■ **EXERCISE DESCRIPTION**: Retype, word for word, each line between the lines holding "homestay blinds dog haven img prev" and "Вход в пассажирский", inclusive, and leave the rest of the data alone.

....

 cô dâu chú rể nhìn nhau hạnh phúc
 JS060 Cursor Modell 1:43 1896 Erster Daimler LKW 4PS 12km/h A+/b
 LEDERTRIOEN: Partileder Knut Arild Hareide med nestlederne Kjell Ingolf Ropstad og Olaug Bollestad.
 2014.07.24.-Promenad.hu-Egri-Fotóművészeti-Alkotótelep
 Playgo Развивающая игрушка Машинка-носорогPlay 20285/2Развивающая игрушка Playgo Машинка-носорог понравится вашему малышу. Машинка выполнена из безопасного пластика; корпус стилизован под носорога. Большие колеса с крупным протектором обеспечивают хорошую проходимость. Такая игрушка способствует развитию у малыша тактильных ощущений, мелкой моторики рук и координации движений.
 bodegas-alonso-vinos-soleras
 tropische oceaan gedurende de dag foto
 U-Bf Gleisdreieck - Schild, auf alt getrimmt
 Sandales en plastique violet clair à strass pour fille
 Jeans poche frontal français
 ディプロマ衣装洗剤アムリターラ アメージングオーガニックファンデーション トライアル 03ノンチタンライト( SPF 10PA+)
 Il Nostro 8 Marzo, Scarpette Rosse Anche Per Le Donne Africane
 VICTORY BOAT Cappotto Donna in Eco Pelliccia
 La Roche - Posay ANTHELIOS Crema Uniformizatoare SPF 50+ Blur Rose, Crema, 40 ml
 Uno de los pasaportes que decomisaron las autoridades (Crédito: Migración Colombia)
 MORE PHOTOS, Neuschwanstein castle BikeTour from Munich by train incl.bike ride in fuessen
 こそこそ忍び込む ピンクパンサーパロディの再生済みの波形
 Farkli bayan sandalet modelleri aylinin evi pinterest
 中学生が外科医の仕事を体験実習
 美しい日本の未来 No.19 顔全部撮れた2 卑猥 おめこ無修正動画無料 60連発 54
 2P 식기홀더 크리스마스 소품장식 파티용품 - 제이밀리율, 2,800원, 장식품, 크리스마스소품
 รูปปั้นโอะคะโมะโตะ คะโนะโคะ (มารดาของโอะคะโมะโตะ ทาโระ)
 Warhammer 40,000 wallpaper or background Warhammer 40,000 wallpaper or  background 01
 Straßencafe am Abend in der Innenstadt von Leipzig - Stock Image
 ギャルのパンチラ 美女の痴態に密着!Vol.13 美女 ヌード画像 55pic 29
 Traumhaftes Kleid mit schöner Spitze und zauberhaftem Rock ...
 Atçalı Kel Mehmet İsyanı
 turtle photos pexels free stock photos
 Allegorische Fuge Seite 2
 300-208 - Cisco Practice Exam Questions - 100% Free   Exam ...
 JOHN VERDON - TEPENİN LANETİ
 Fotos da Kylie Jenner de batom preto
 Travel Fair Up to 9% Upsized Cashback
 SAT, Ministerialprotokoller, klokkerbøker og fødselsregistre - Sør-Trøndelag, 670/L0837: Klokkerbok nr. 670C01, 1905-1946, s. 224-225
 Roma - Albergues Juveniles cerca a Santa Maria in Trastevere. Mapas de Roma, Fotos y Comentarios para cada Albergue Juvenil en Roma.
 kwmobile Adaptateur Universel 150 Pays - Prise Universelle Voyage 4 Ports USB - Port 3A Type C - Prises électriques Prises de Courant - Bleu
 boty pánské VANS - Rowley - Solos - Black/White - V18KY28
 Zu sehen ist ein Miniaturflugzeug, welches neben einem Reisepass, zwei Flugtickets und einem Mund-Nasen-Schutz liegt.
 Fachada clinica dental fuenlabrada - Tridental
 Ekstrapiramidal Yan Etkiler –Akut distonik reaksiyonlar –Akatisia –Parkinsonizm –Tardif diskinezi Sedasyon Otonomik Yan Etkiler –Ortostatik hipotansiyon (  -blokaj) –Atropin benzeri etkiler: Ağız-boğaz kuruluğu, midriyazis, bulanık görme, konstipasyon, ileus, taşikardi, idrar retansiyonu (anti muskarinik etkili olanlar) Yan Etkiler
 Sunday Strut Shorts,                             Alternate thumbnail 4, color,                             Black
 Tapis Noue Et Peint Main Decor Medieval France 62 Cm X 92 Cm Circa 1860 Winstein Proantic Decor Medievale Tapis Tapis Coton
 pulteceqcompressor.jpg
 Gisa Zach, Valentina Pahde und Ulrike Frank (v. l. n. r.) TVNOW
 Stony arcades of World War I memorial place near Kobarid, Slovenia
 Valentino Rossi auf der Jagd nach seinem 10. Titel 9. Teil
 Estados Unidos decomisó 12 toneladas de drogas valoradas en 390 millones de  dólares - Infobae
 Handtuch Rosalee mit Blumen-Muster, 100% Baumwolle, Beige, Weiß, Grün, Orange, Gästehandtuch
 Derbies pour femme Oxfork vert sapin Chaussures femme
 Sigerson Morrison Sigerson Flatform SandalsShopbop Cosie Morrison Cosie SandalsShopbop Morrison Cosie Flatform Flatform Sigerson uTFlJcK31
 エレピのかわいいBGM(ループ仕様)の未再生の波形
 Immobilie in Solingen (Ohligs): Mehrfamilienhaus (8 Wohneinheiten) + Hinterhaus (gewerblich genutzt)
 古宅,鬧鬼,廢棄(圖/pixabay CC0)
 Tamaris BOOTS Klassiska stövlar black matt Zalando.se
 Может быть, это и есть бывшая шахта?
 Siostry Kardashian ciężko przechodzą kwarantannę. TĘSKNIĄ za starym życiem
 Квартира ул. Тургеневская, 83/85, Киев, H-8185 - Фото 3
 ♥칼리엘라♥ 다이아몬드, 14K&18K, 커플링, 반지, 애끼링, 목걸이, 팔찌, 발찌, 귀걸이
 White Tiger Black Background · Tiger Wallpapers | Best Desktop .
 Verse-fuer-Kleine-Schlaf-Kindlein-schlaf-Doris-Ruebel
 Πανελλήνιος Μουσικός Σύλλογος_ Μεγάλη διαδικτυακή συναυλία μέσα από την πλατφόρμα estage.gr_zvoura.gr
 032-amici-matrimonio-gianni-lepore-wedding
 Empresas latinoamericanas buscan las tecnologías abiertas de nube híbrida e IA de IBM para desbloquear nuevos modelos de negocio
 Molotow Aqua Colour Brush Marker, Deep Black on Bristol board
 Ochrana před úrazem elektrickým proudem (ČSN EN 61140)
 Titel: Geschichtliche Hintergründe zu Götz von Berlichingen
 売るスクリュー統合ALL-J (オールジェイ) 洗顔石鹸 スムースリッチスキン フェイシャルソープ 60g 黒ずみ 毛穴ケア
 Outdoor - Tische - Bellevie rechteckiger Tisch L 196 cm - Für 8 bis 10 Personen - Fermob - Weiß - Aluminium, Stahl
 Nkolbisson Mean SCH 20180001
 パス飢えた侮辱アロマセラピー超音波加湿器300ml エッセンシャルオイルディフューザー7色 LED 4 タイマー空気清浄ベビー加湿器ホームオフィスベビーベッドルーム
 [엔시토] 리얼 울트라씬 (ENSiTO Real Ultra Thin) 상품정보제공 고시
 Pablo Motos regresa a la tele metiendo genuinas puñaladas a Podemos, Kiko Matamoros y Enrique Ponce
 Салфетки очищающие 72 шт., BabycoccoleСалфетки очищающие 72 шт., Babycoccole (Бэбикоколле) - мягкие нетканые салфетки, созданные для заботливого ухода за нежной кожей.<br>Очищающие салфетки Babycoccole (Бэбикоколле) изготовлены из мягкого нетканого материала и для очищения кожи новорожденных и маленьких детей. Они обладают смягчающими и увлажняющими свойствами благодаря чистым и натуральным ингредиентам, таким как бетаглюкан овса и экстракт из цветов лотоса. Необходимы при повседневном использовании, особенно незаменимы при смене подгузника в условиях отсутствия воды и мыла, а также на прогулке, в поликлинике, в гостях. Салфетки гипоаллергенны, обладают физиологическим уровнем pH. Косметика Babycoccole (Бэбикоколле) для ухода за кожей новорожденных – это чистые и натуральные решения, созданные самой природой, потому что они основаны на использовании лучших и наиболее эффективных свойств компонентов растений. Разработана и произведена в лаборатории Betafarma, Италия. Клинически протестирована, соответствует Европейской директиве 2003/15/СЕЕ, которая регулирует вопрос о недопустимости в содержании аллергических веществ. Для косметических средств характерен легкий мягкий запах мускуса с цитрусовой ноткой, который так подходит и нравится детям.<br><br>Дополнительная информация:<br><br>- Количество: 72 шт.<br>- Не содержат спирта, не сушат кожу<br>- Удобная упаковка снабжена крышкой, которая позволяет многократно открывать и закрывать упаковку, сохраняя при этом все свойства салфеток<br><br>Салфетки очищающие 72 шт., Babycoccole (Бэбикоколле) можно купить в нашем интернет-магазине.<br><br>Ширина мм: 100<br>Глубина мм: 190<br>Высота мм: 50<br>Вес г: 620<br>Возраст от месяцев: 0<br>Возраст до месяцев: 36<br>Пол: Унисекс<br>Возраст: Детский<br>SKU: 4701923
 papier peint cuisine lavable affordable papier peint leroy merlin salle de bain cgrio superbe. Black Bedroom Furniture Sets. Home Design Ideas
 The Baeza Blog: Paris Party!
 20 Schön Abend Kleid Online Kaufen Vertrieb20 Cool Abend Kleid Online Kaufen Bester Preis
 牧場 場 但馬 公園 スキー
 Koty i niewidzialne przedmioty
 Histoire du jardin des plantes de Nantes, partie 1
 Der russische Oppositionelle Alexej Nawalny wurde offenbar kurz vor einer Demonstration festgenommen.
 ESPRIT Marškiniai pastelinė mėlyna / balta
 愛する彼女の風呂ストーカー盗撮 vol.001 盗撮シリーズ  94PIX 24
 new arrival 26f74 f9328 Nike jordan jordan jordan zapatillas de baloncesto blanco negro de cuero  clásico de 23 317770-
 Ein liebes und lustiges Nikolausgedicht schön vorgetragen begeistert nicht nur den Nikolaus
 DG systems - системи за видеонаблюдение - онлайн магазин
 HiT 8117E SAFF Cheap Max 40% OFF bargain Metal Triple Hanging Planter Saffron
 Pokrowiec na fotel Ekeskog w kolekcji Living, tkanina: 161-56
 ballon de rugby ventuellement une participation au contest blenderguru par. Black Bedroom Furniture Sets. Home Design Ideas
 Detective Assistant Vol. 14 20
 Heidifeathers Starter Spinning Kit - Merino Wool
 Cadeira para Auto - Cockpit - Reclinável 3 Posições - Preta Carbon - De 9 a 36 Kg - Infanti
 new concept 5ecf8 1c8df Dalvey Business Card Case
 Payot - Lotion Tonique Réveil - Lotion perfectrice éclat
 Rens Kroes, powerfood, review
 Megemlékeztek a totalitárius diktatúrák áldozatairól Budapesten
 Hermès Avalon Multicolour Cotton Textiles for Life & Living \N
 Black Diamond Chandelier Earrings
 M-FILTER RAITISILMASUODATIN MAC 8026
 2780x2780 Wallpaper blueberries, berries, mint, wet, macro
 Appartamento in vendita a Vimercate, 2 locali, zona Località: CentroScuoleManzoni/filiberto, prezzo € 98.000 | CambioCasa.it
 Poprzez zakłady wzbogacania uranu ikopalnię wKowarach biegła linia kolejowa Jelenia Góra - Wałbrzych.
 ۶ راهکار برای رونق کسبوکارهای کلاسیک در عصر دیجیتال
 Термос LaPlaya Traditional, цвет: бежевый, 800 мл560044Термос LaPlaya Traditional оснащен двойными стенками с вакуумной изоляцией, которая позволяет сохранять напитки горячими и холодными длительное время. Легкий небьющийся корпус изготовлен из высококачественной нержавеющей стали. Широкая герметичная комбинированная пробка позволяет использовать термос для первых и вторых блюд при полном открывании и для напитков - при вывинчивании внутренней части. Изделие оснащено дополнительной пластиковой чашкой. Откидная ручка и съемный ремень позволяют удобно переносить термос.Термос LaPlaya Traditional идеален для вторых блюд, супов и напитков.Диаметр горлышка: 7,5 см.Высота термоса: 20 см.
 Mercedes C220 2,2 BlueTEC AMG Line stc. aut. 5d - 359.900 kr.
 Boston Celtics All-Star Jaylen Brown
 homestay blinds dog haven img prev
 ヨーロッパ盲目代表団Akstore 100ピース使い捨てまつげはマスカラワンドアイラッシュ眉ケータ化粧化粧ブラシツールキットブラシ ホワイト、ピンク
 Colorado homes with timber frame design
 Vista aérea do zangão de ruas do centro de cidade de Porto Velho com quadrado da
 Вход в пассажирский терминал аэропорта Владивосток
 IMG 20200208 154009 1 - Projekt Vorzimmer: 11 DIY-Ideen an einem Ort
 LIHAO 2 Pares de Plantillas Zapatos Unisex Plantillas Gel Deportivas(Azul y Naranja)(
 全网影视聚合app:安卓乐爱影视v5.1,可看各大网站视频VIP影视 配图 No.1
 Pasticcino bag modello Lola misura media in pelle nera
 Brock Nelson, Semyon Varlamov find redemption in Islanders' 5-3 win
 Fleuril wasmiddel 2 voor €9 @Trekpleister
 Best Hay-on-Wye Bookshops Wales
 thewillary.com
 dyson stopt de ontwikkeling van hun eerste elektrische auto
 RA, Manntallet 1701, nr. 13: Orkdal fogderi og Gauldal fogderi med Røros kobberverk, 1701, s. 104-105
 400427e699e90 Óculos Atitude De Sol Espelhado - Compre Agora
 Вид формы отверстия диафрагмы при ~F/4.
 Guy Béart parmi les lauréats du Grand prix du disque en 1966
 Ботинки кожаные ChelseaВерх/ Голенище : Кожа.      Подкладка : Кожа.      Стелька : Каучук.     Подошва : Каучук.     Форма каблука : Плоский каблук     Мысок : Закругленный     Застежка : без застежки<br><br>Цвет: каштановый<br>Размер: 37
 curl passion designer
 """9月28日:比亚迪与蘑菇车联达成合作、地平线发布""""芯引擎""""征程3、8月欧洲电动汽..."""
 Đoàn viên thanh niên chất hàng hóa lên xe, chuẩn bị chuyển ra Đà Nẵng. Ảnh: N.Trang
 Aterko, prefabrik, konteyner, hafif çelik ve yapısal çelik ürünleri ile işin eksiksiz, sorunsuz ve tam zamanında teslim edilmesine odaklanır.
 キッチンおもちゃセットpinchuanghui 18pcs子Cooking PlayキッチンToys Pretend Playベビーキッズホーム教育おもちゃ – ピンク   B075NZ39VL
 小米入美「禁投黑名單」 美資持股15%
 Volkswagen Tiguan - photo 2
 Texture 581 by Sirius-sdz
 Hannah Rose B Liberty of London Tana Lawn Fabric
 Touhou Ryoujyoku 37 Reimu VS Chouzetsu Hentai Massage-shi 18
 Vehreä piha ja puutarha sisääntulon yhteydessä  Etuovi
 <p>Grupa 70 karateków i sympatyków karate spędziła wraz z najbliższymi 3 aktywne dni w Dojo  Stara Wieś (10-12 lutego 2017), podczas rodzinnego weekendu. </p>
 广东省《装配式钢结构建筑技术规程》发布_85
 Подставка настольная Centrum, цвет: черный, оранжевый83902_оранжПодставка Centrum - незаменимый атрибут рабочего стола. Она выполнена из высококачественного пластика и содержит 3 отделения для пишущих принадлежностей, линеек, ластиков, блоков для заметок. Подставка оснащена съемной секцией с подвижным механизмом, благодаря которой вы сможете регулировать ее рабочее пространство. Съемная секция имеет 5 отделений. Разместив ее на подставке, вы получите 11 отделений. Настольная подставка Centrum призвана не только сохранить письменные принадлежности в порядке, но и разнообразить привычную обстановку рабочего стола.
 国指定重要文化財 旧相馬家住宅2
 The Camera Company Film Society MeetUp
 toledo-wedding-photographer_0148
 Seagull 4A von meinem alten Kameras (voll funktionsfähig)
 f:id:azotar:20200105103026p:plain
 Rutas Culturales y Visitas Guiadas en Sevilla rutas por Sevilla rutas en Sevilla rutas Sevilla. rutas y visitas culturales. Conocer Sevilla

....

■ **ANSWER TO THIS PROBLEM**:
 homestay blinds dog haven img prev
 ヨーロッパ盲目代表団Akstore 100ピース使い捨てまつげはマスカラワンドアイラッシュ眉ケータ化粧化粧ブラシツールキットブラシ ホワイト、ピンク
 Colorado homes with timber frame design
 Vista aérea do zangão de ruas do centro de cidade de Porto Velho com quadrado da
 Вход в пассажирский терминал аэропорта Владивосток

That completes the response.